Afterward, I am able to SSH into the box, and I can look around.  But, many commands fail to execute (like shutdown), and listing of random drive contents report an IO error.  Reboot seems to be the only recovery method.

The machine seems to behave normally otherwise.  And, I have let the box do a e2fsck at boot-up, which does find and correct errors.

I am guessing HDD pre-fail.  Any other thoughts?

(BTW, for some reason SMART was not activated on the drive.  I have activated it, and smartmontools is reporting PASS, although it does have a few errors logged.   :Rolling Eyes:  )

As a side thought, I have never used RAID0 for a Linux box before now.  Is it worth it?  How much of a pain is it to setup and swap out disks?  Would you recommend LVM, hardware RAID, or some other method?

Thanks!!!

----------

## NeddySeagoon

m27315,

Raid levels are easy to set up and easy to swap out disks. I recommend you set up a raid in degraded mode, then add the last drive so you get to try out the process. raid0 does not have any redundancy, so loss of a drive gives total data loss too. Thats why you have backups.

I can't tell if you have a drive problem from your post, it could also be a motherboard or data cable problem too.

You should find more information (about your drive) in dmesg and in smartmontools after the failure events.

----------

## energyman76b

I would replace the cabling - and if that doesn't help, replace the harddisk.

And I wouldn't touch Raid0 with a ten feet pole. Raid0 is only for people who don't care about their data. Harddisks do fail. The more harddisks, the more likely that one fails. One fails, everything is gone.

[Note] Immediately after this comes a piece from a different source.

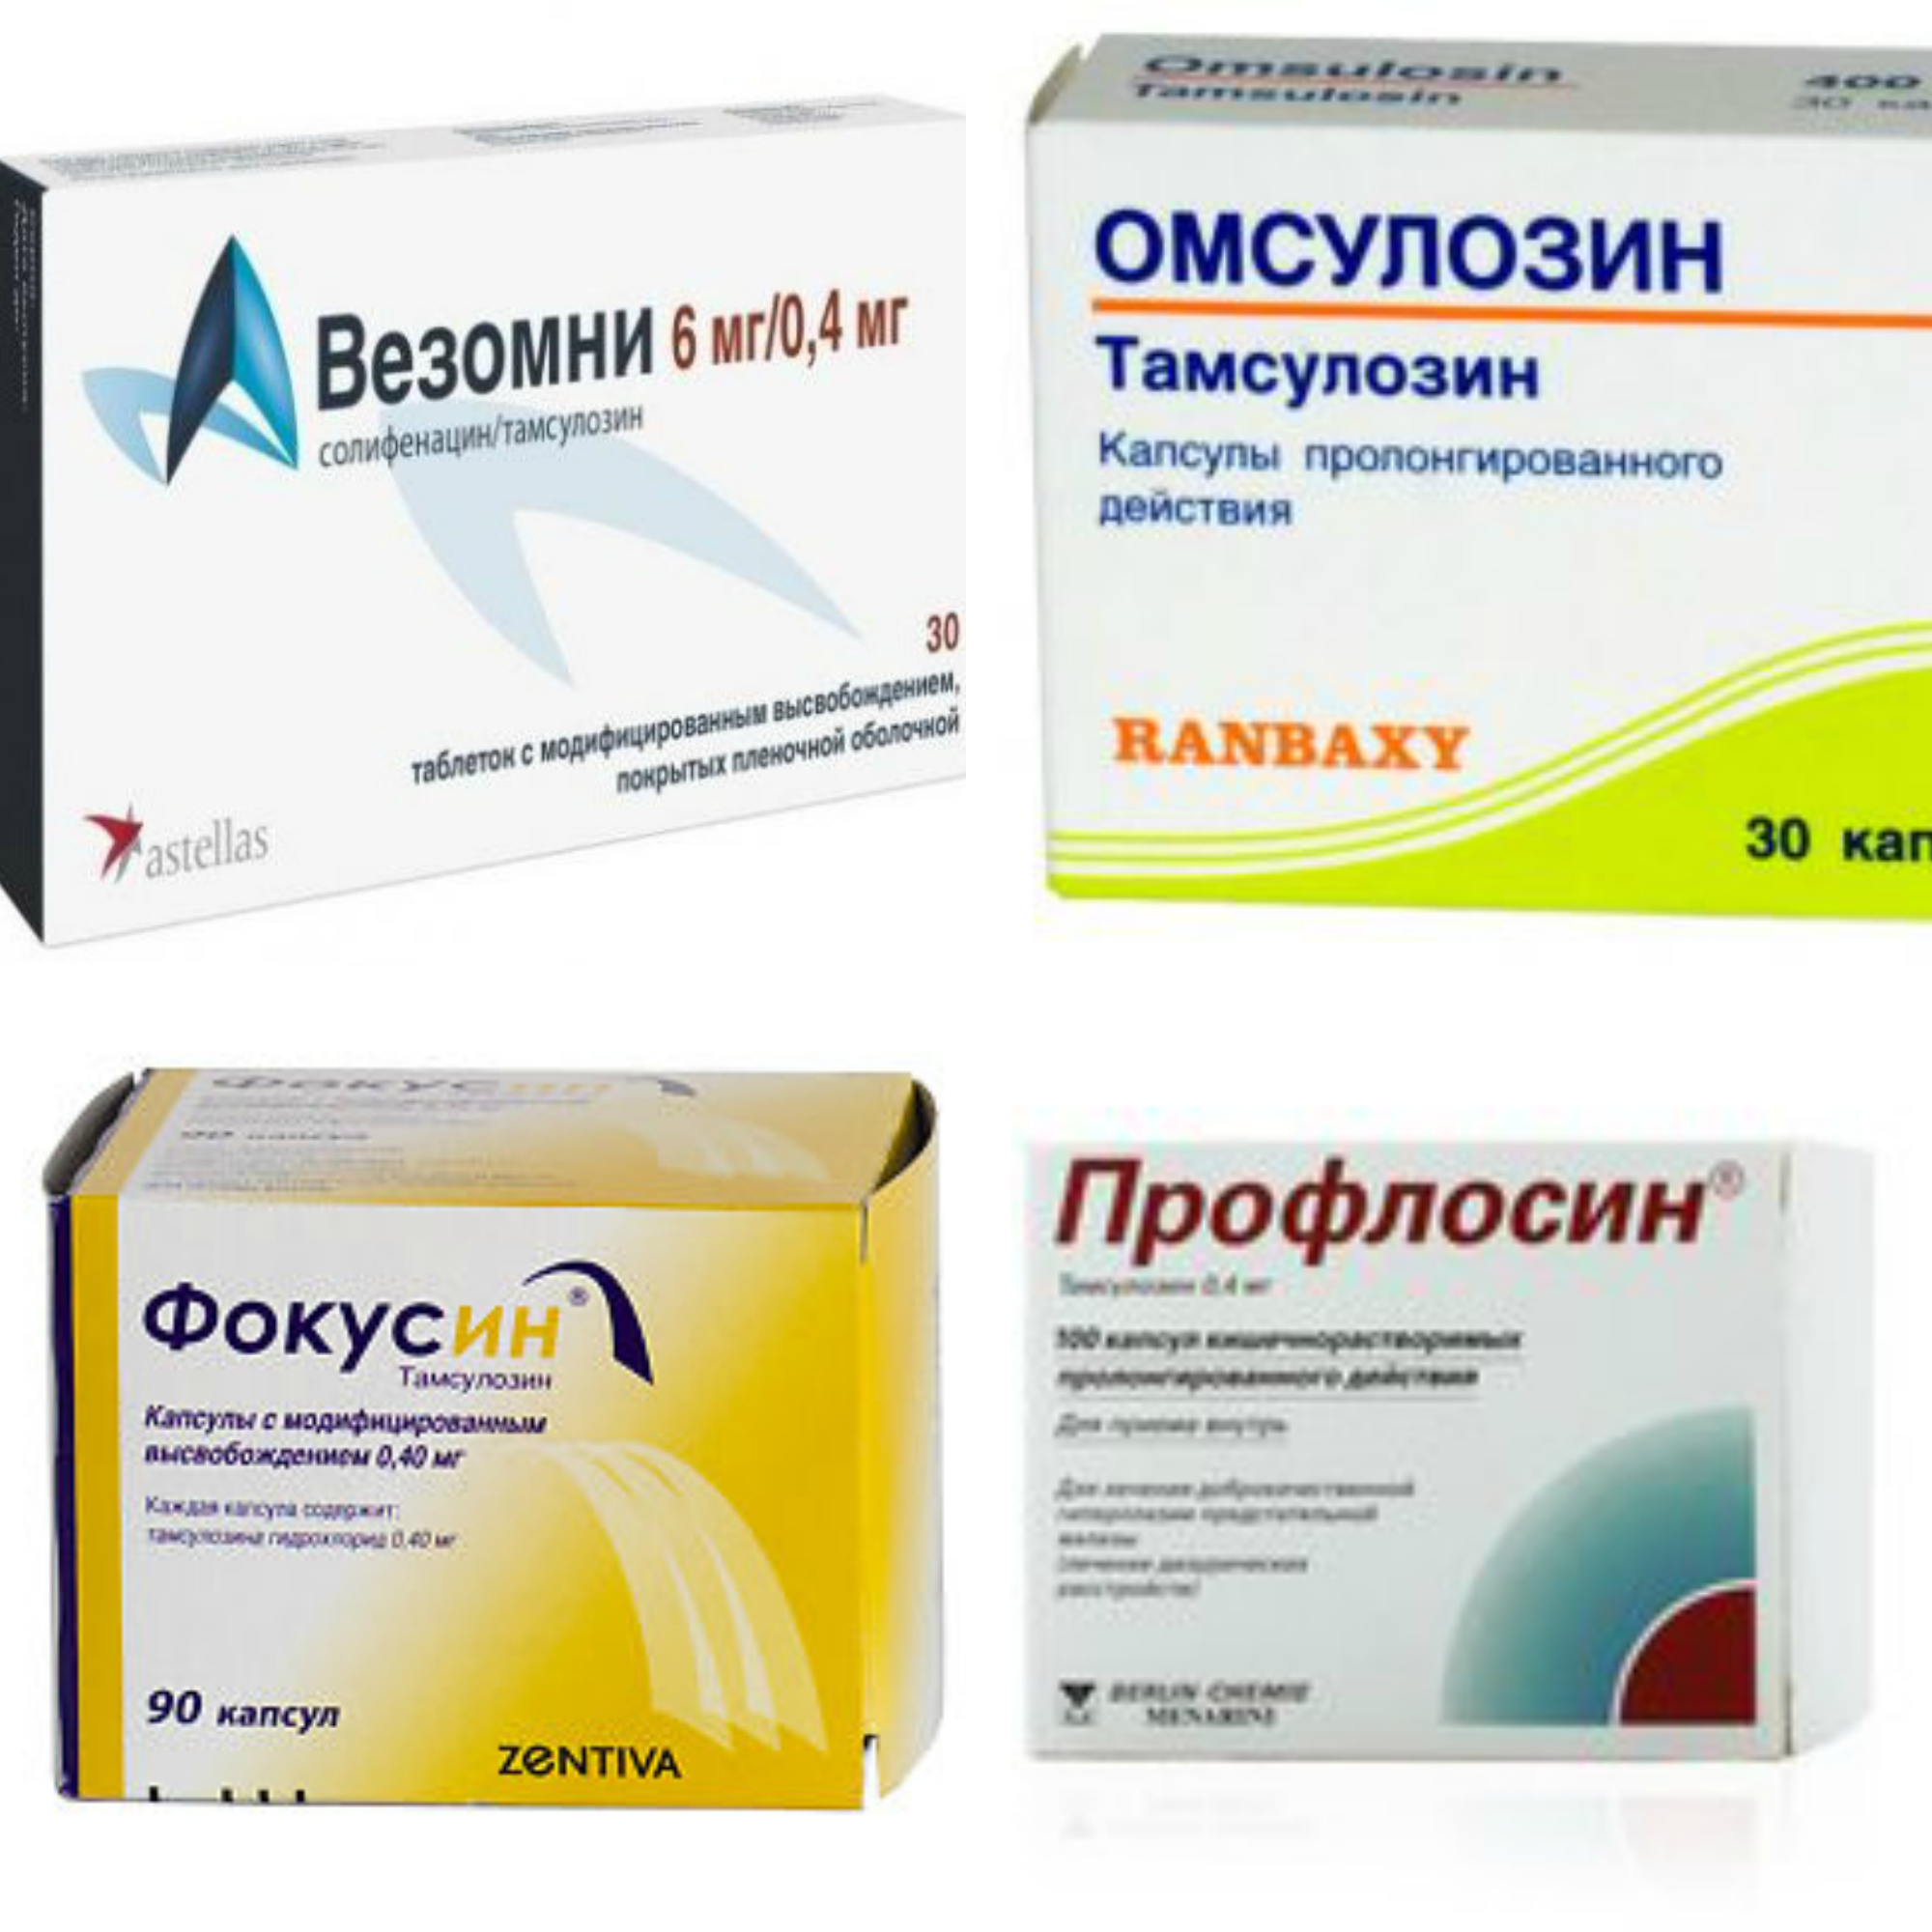 Аналоги лекарства Везомни: препараты, цены и отзывы

If you care about data: Raid1. It is 'striping' read accesses, so reading is sped up. Or Raid 5. Which is the best combination of speed and data redundancy.

----------

## m27315

Thanks for the help guys!  (BTW, Sorry to hijack the thread.  I intended to start a new thread, but clearly I posted a relpy instead of starting a new topic.  Maybe a moderator can split the appropriate posts off, if that's best?)

Yes, I will definitely try RAID1.  I want robustness now a days.  I am too old to stress over the other.   :Smile: 

I will try swapping the cables next time this happens.  Incidentally, I have disabled rsnapshot in cron, and this happens within 24-hours with all my cron jobs disabled.  rsnapshot simply produces the problem immediately, but whatever the root problem is, it causes the system to go bananas in less than 24 hours.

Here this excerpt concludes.